Supplied material:
+===+
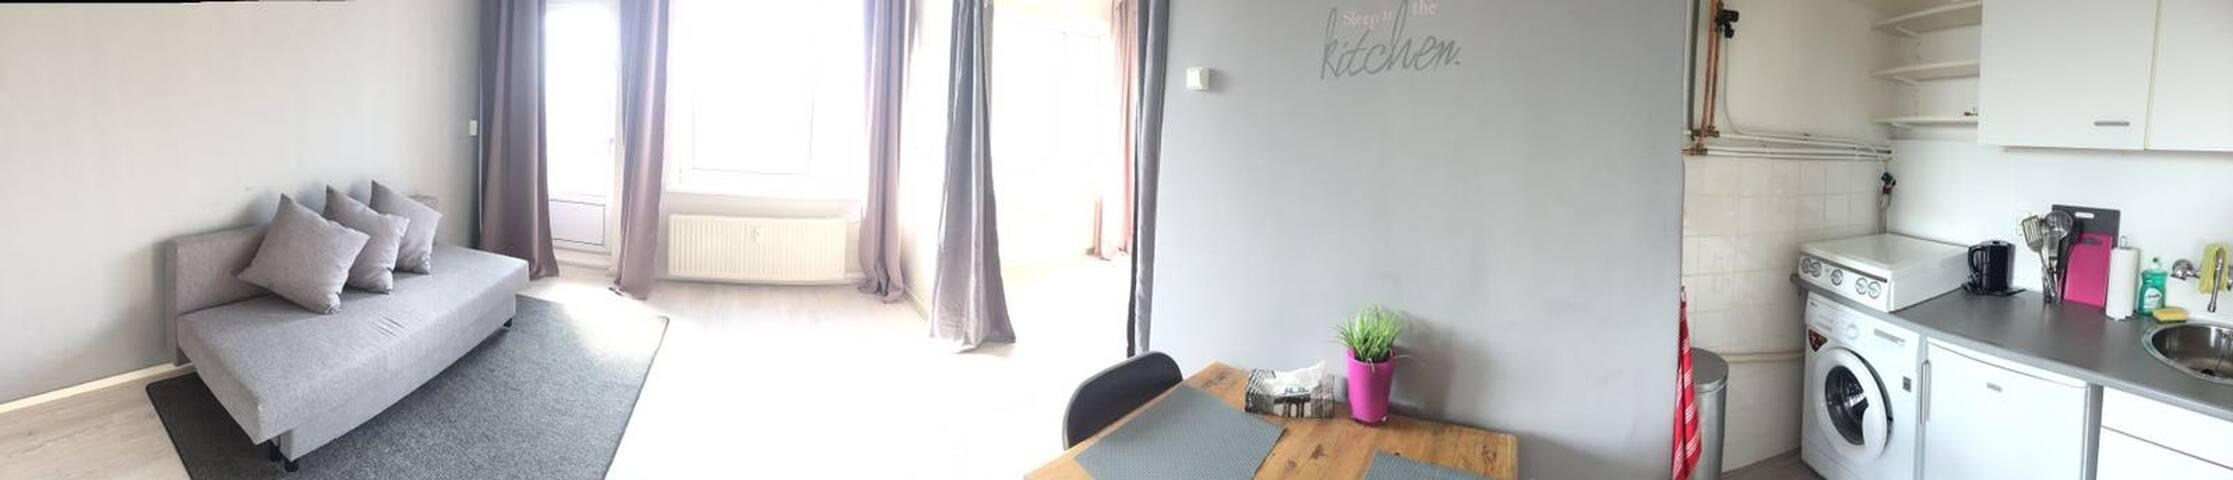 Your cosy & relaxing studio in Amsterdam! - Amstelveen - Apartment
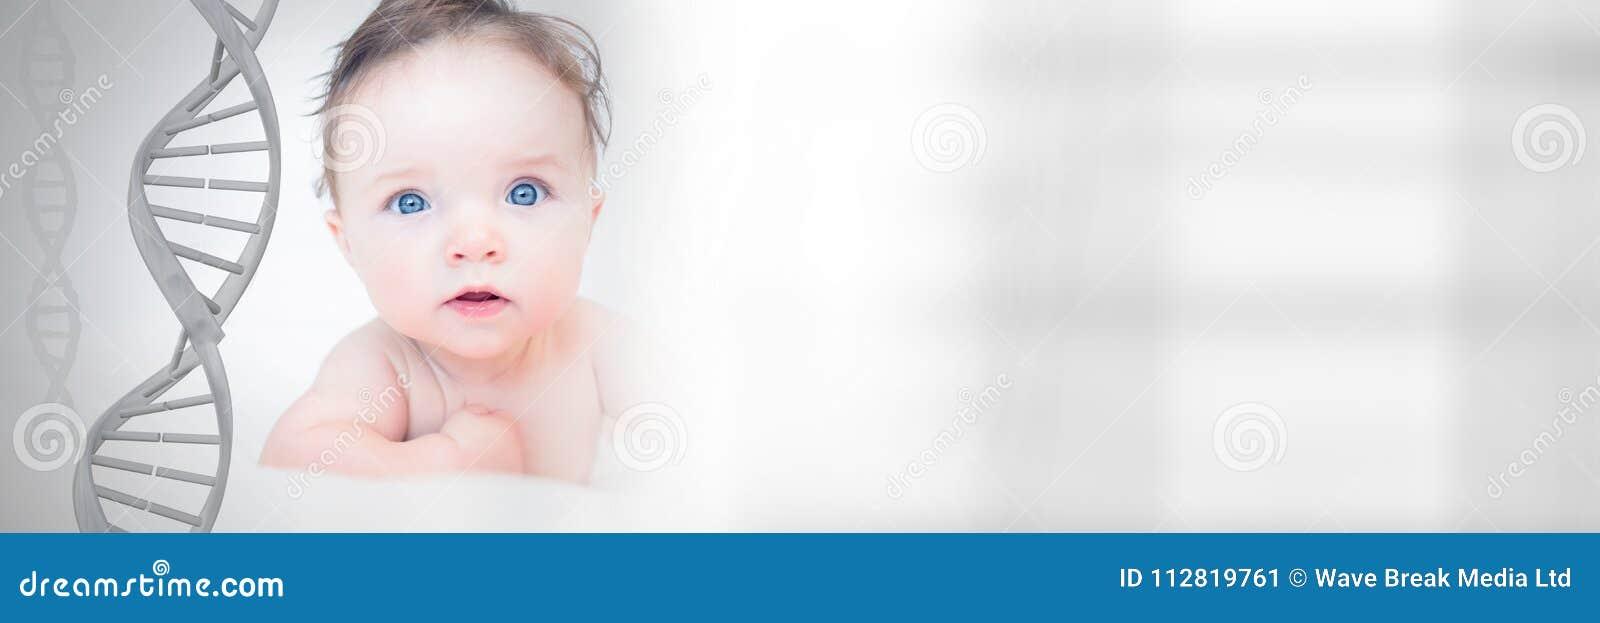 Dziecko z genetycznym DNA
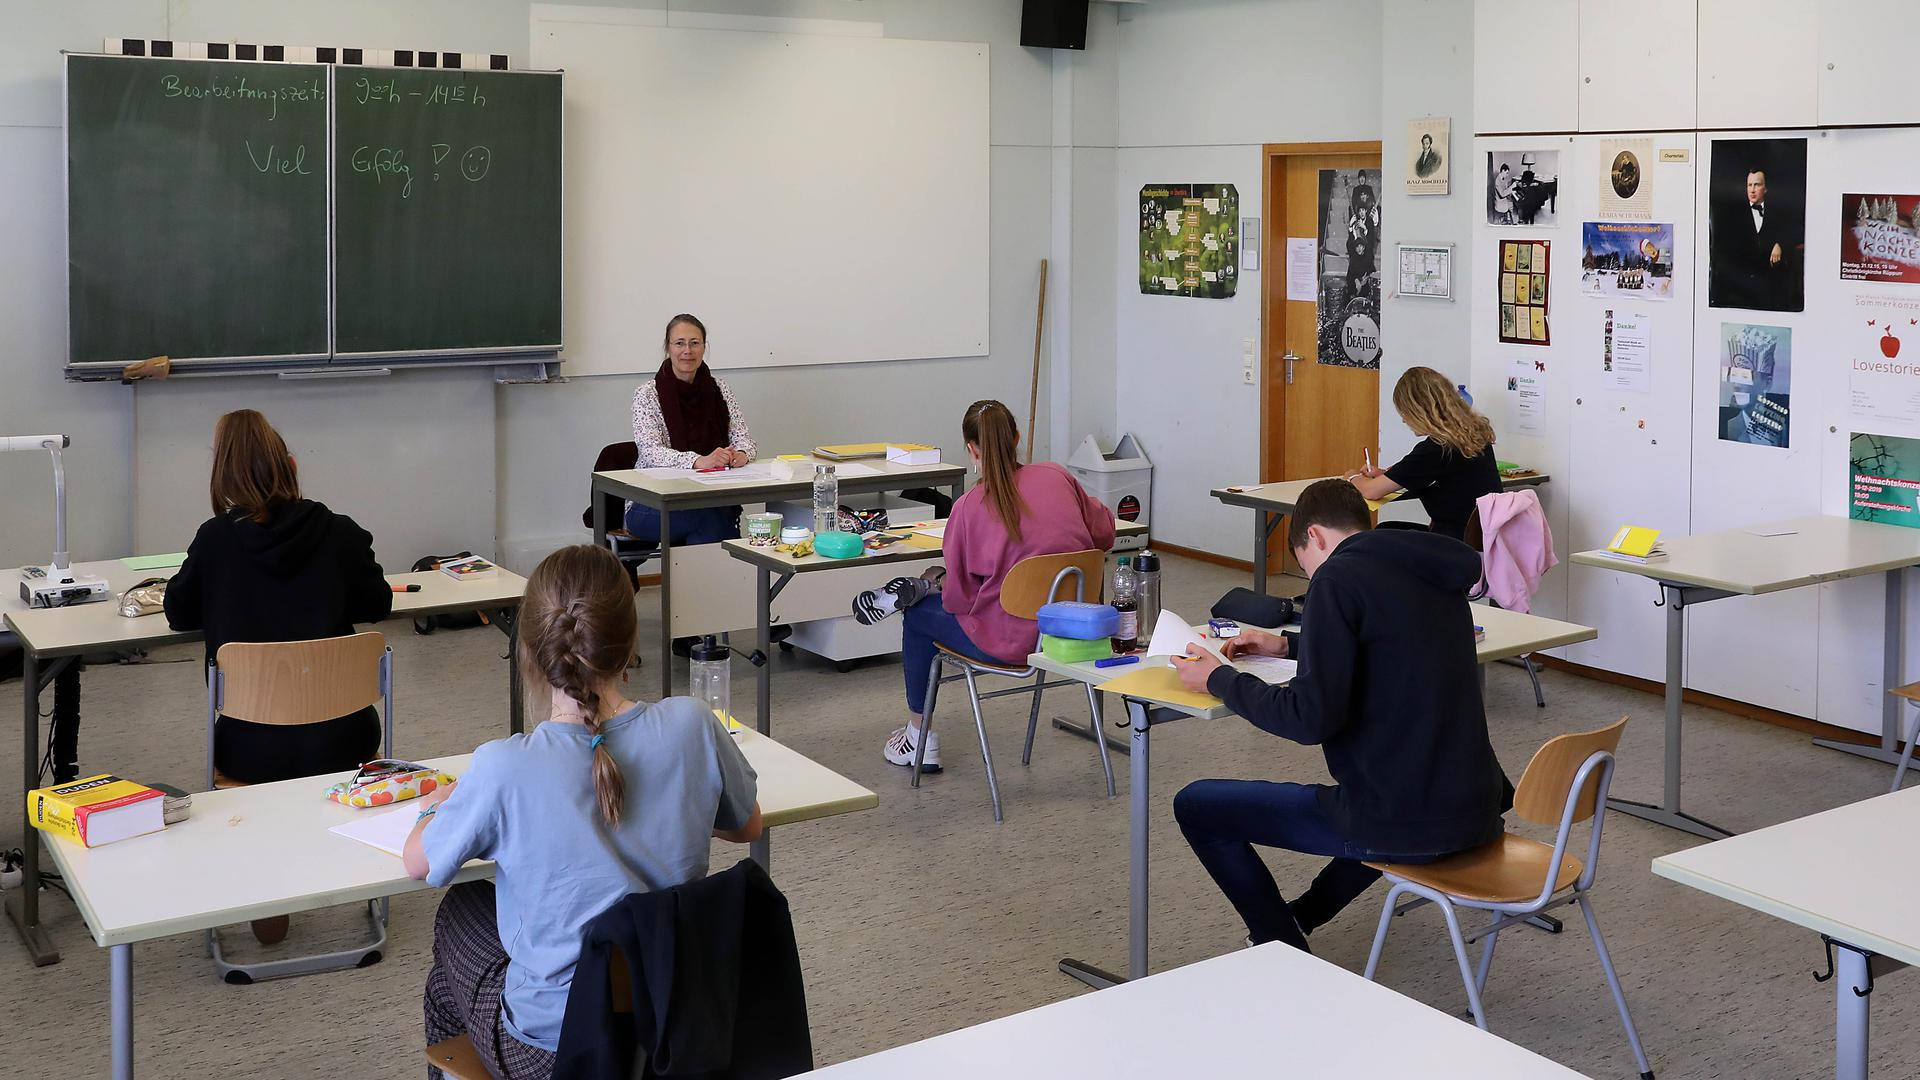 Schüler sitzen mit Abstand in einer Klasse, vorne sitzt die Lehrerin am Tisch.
+===+
What to work on: An exact copy of the whole listing is required, minus the pictures.

Solution to the problem:
 Your cosy & relaxing studio in Amsterdam! - Amstelveen - Apartment
 Dziecko z genetycznym DNA
 Schüler sitzen mit Abstand in einer Klasse, vorne sitzt die Lehrerin am Tisch.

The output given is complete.